Первый занимался радиоактивными веществами и криогенетическими исследованиями, был толст и самодоволен, походя на краба, а второй, копаясь днем в кишечнике зайца, по вечерам учинял буйства и пьянства; это была веселая голова на длинных ногах; туловище же было коротко.

Третий держался с достоинством и не занимался ничем легальным.

Они были пьяные и шумели в мрачном, как пещера, погребке – шумели – красные, разгоряченные трольды [3] .

Стукались кружками, наполненными золотыми искрами. Просыпали друг на друга эти горячие искры – не пиво.

Хотя хозяин погребка и уверял, что подал пиво, – не верили.

Физик кричал, походя на огромного краба: «Радиоактивные вещества уничтожают электрическую силу. Они вызывают нарывы на теле».

В высокие окна погребка ломилась глубина, ухающая мраком. Хозяин погребка, как толстая жаба, скалился на пьянствующих из-за прилавка. Хандрикову казалось, что это колдовской погребок.

А товарищ физик выкрикивал: «Времени нет. Время – интенсивность. Причинность – форма энергетического процесса».

И неслось и неслось: вихрь миров, бег созвездий увлекал и пьянствующих и погребок в великую неизвестность.

Все кружилось и вертелось, потому что все были пьяны.

Софью Чижиковну трясла лихорадка. Она не могла дочитать «Основания физиологической психологии». Легла. Жар ее обуял.

Впадала в легкий бред. Шептала: «Пусть муж, Хандриков, сочиняет психологию, пока Вундт заседает в пивных…»

Было два часа. Их вынесло на воздух. Они шатались – выкрикивали.

Пальто их не были застегнуты, а калоши не надеты, хотя с вечера еще приударило и приморозило.

Хандриков закинул голову. Над головою повисла пасть ночи – ужас Вечности, перерезанный Млечным Путем.

Точно это был ряд зубов. Точно небо оскалилось и грозилось несчастьем.

Хандрикову казалось, что кругом не улицы, а серые утесы, среди которых журчали вечно-пенные потоки времен.

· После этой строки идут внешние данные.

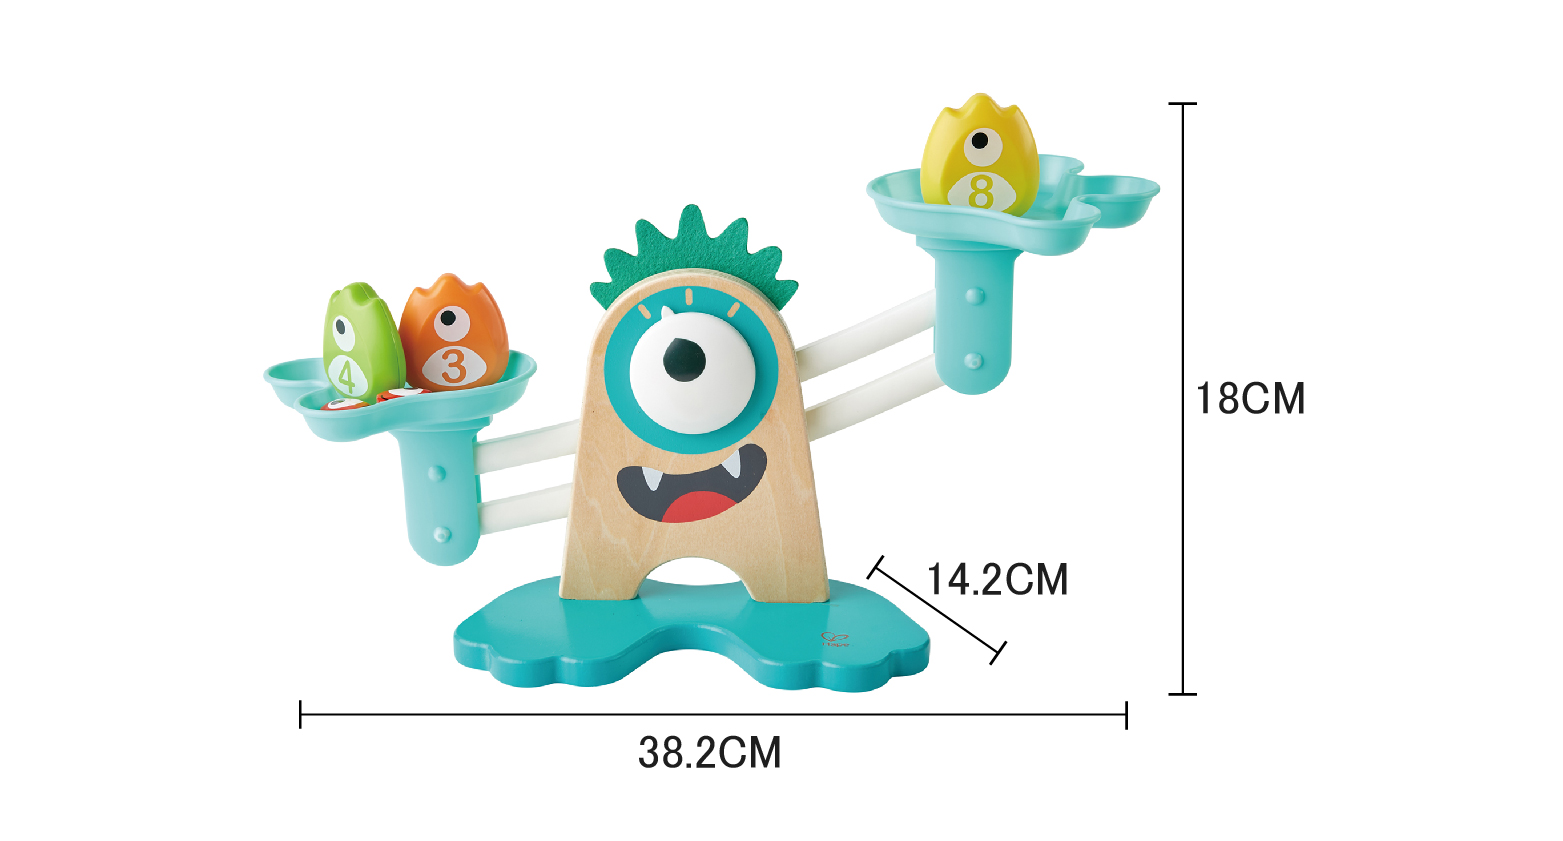 Skala Matematika Hape Monster | 22-Piece Kayu Menghitung, Menyeimbangkan, Mengukur Berat Mainan Playset Untuk Anak-Anak Prasekolah

Кто-то посадил его в челн, и вот поплыл Хандриков в волнах времени к себе домой.Что-то внесло его в комнаты, где бредила больная жена.

X

Пьяный Хандриков уложил с прислугой больную жену. Прислуга ворчала: «Где пропадали?»; а Хандриков отвечал, спотыкаясь: «Плавал я, Матрена, в волнах времени, обсыпая мир золотыми звездами». Не раздеваясь, сел у постели больной.

Свинцовая голова его склонилась на грудь. Тошнило от вина и нежданной напасти.

Пламя свечи плясало. Вместе с ним плясала и черная тень Хандрикова, брошенная на стену.

Закрыл глаза. Кто-то стал ткать вокруг него серебристую паутину. А за стеной раздавался свист Вечности – сигнал, подаваемый утопающему, чтобы не лишить его последней надежды.

Кто-то сказал ему: «Пойдем. Я покажу». Взял его за Руку и повел на берег моря.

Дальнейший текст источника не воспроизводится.